CEO: How Can You Tell Your Sales Leader Is Slowing Down Company Growth?
Your company may be growing—but not because your sales system is strong. In many B2B companies, revenue increases despite the way sales is managed, not thanks to it. Here are the warning signs that your sales leadership may be limiting your company’s growth—and what to focus on before it starts affecting your results.
You might have a great product. A capable sales team. A pipeline full of high-value deals.
And still—something isn’t right.
Revenue goes up, but it feels unpredictable. Deals slip at the last minute. Forecasts don’t land.
That’s usually a sign of one thing:
your growth isn’t driven by a system. It’s happening in spite of it.
And that’s one of the most expensive blind spots in B2B companies.
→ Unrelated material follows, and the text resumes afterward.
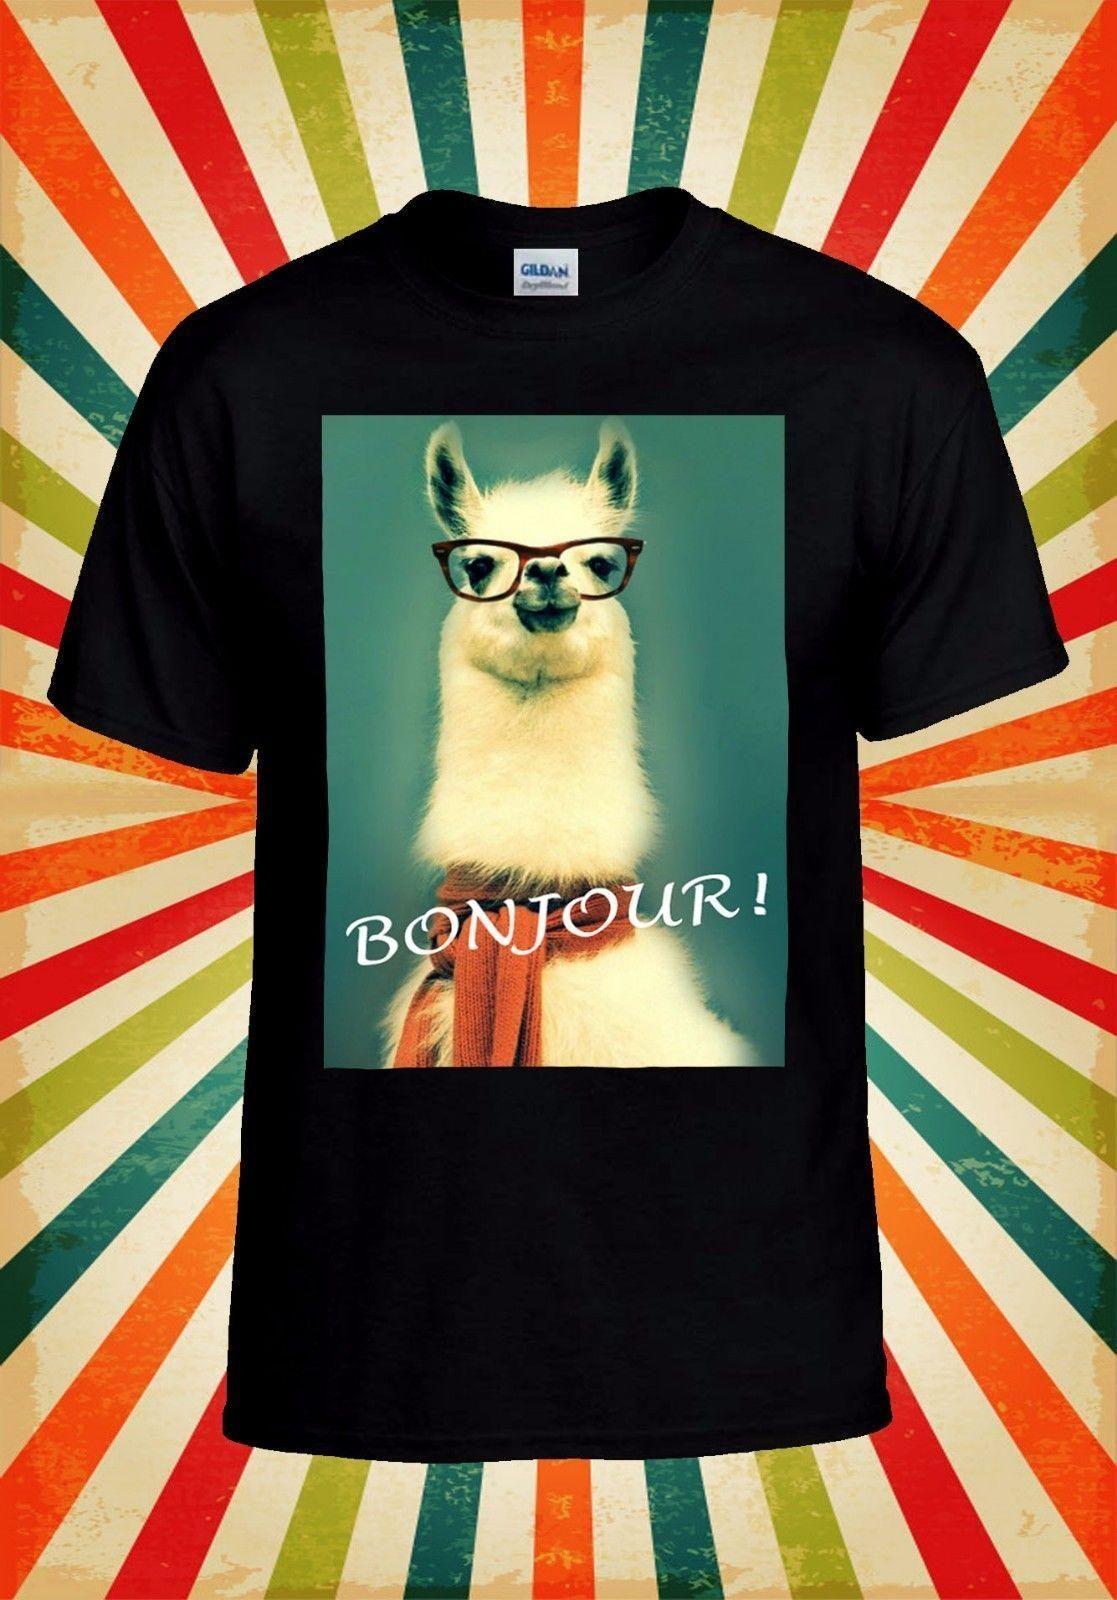 FASHION Tops T-shirt Short Sleeve t-shirt Cotton Women Bonjour JUST DO IT  top

Most CEOs don’t see it. Not because they lack experience. But because the problem hides behind decent-looking numbers.
On paper, everything seems fine. Deals “look promising.” Pipeline volume is solid. Salespeople report interest.
Then the quarter ends—and reality hits.
Some deals move. Some stall. Some quietly disappear. Others fall apart for reasons that always sound familiar: price, timing, competition.
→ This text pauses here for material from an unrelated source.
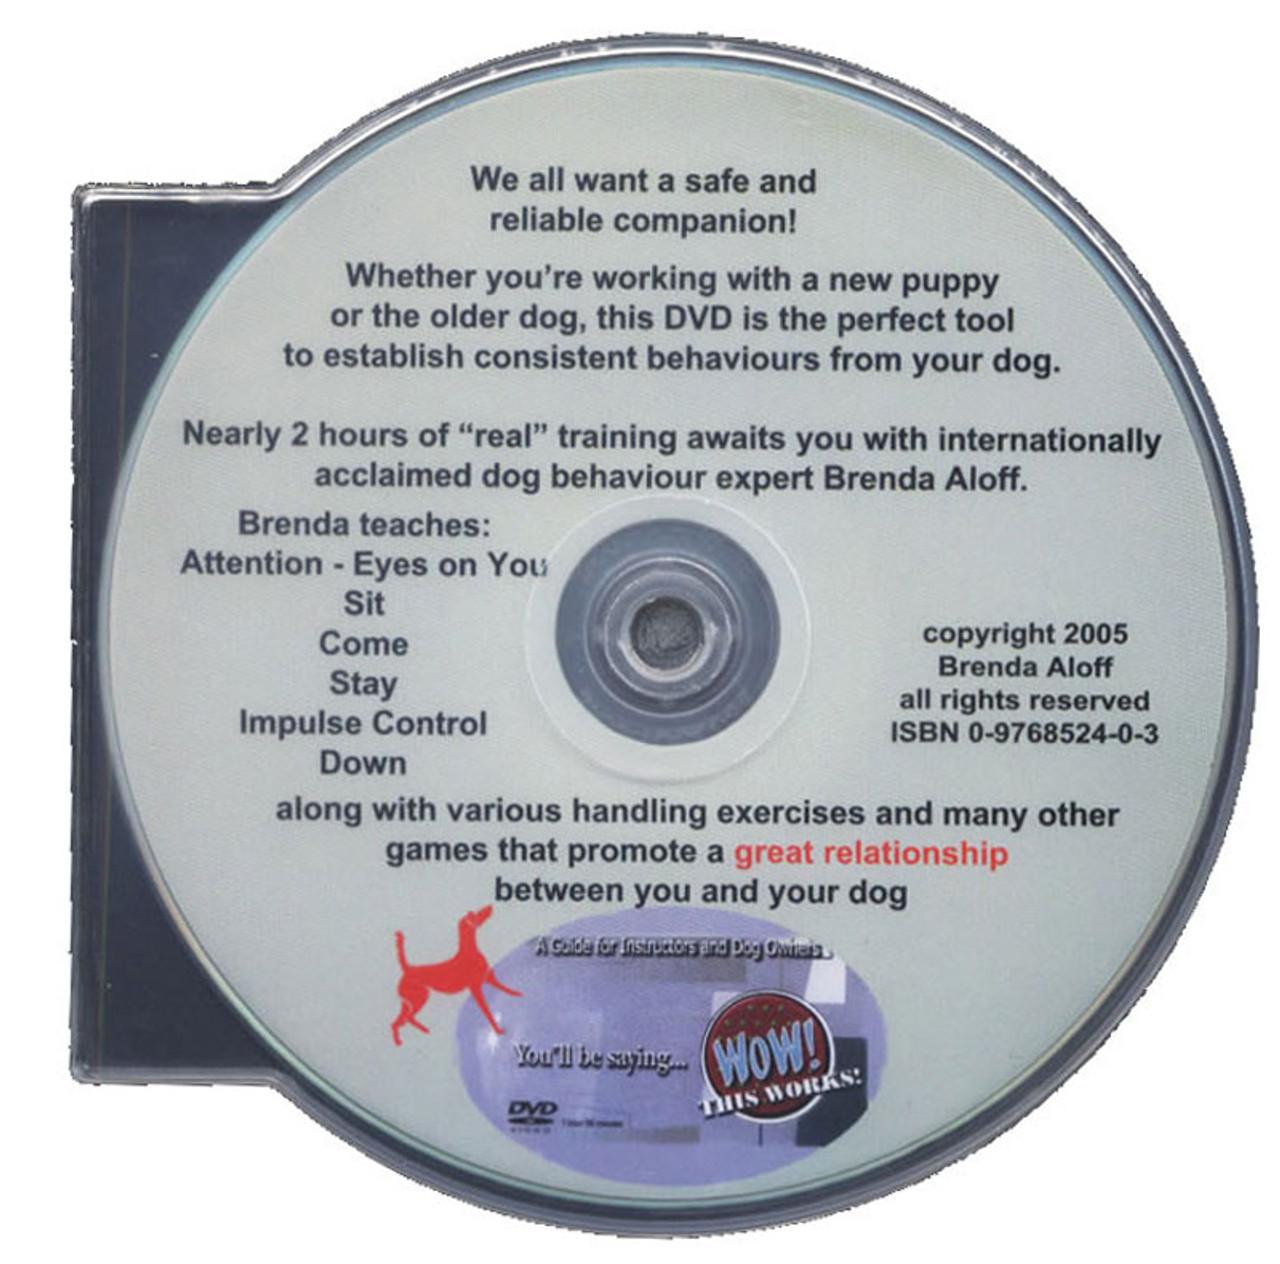 Brenda Aloff's Fundamentals - Foundation Training for Every Dog Dvd

The real question isn’t why deals fall through, but it’s much simpler:
Do you have a system that prevents it?
If not, your sales leader isn’t really managing sales, but reacting to it.
The uncomfortable truth about sales leadership
Most sales leaders were never trained for the job they’re doing.
This isn’t criticism. It’s reality.
It usually goes like this:
They were the best salespeople.
They delivered results.
They knew how to close deals.
So one day someone said:
„Great. From now on, you’ll lead the sales team.“
And that’s where it ended.
No structured leadership training.
No coaching methodology.
No system for deal reviews.
No framework for managing pipeline based on reality.
No way to identify skill gaps and systematically improve performance.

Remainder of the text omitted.